DESCRIPTION (provided by applicant): The aryl hydrocarbon receptor (AhR) is a ligand-activated transcription factor and one of a family of proteins containing the bHLH-PAS domain structure. Members of this family are involved in responding to signals in the tissue environment and serve regulatory roles in development and cellular differentiation. Although the AhR has been conserved throughout evolution and mice lacking the AhR show many defects in several organ systems, its normal function is not known. Recent work has identified an endogenous ligand, 2-(1'H-indole-3'- carbonyl)-thiazole-4-carboxylic acid methyl ester (ITE), from porcine lung and demonstrated this to be a potent AhR agonist. However, unlike toxic AhR ligands like 2,3,7,8-tetrachlorodibenzo-p-dioxin (TCDD), ITE produces no toxicity in mice even at very high doses. It is hypothesized that ITE differentially interacts with the AhR as compared to toxic ligands such that exposure results in different molecular and biological consequences. It is also hypothesized that, based on work indicating a role of the AhR in the regulation of inflammation, that ITE may have a novel role as a regulatory molecule for inflammatory processes in the lung. Using primary mouse and human lung fibroblasts, we will rigorously determine, by microarray analyses, differences and/or similarities in the gene profile induced by ITE and TCDD. Using both isolated lung cells and a pre-clinical mouse model of lung inflammation, we will also determine whether the inflammatory response is similar or different in the presence of ITE, TCDD, or known AhR antagonists, and will begin to characterize the cellular and signaling pathways that may determine these similarities or differences. The goals of these studies are of particular significance given the wealth of data indicating a role of inflammation in the pathogenesis of several diseases including chronic obstructive pulmonary disease, hypertension, cardiovascular disease, allergic diseases such as asthma, and cancer. Understanding the role of ITE and the AhR in modulating inflammatory processes may lead to possible therapeutic interventions.

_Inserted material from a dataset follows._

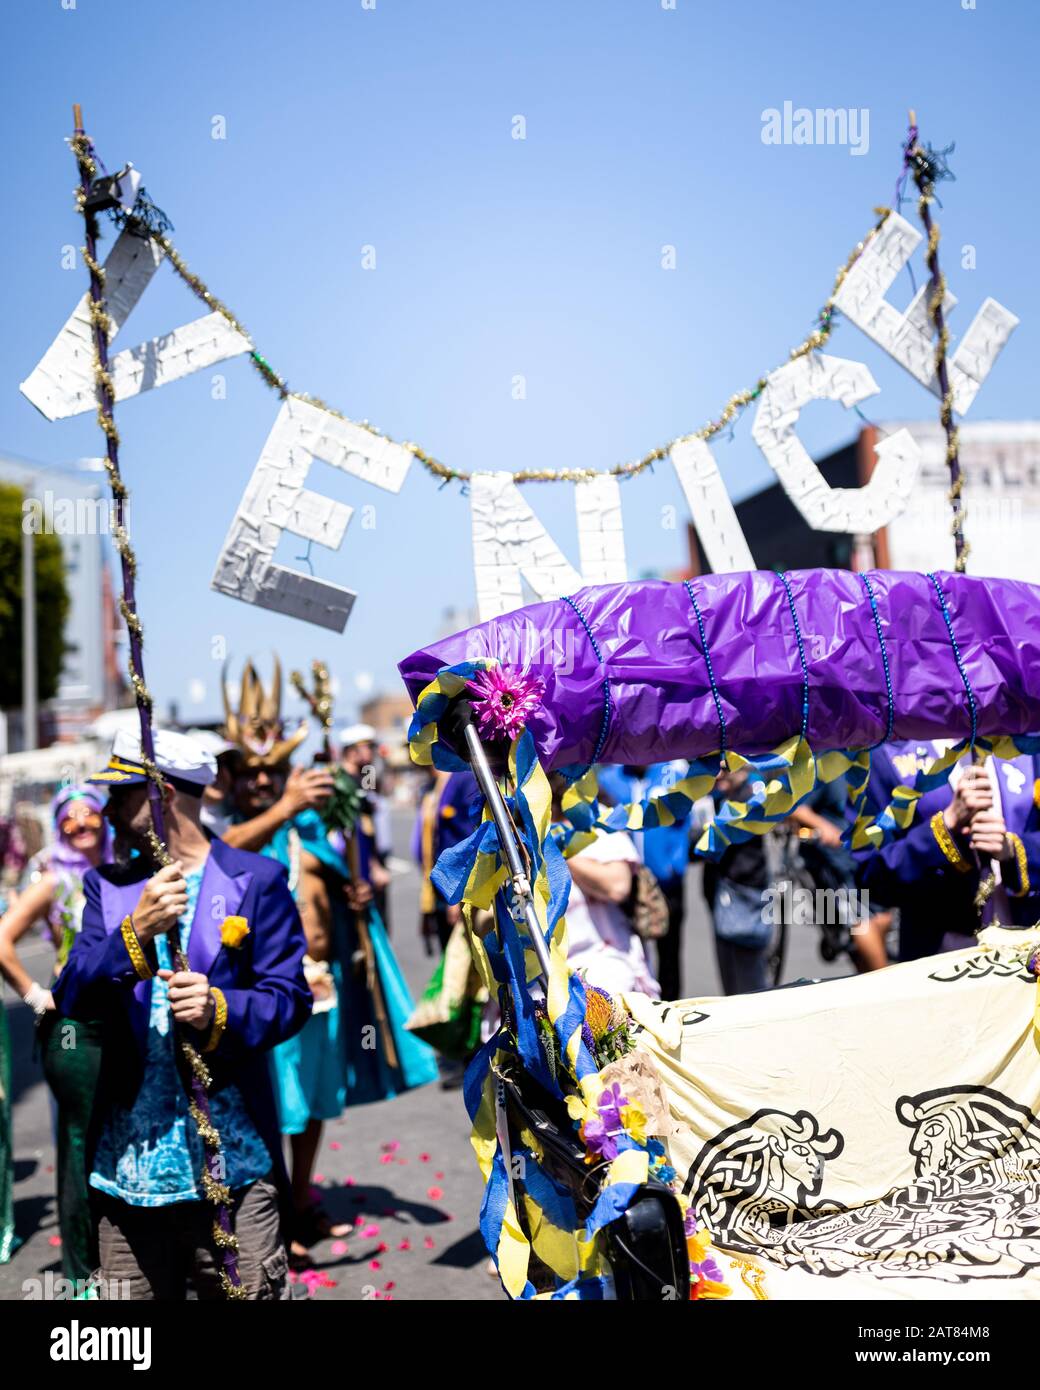 Desfile festivo con Mucha Gente con ropa colorida sosteniendo un cartel de Venecia. Esta procesión de vacaciones está llena de celebración y colores vibrantes. Foto de stock

描述（由申请人提供）：芳烃受体（AhR）是一种配体激活的转录因子，是含有bHLH-PAS结构域结构的蛋白质家族中的一员。该家族成员参与响应组织环境中的信号，并在发育和细胞分化中发挥调节作用。尽管AhR在整个进化过程中一直被保守，缺乏AhR的小鼠在几个器官系统中表现出许多缺陷，但其正常功能尚不清楚。最近的工作已经从猪肺中发现了一种内源性配体，2-（1' h -吲哚-3'-羰基）-噻唑-4-羧酸甲酯（ITE），并证明它是一种有效的AhR激动剂。然而，与有毒的AhR配体如2,3,7,8-四氯二苯并-对二恶英（TCDD）不同，ITE即使在非常高的剂量下也不会对小鼠产生毒性。据推测，与有毒配体相比，ITE与AhR的相互作用不同，因此暴露会导致不同的分子和生物学后果。也有人假设，基于表明AhR在炎症调节中的作用的研究，ITE可能作为肺炎症过程的调节分子具有新的作用。使用原代小鼠和人肺成纤维细胞，我们将通过微阵列分析严格确定ITE和TCDD诱导的基因谱的差异和/或相似性。使用分离的肺细胞和临床前小鼠肺炎症模型，我们还将确定炎症反应在ITE、TCDD或已知AhR拮抗剂存在时是否相似或不同，并将开始表征可能决定这些相似性或差异的细胞和信号通路。鉴于大量数据表明炎症在包括慢性阻塞性肺病、高血压、心血管疾病、哮喘等过敏性疾病和癌症在内的几种疾病的发病机制中所起的作用，这些研究的目标具有特别重要的意义。了解ITE和AhR在调节炎症过程中的作用可能会导致可能的治疗干预。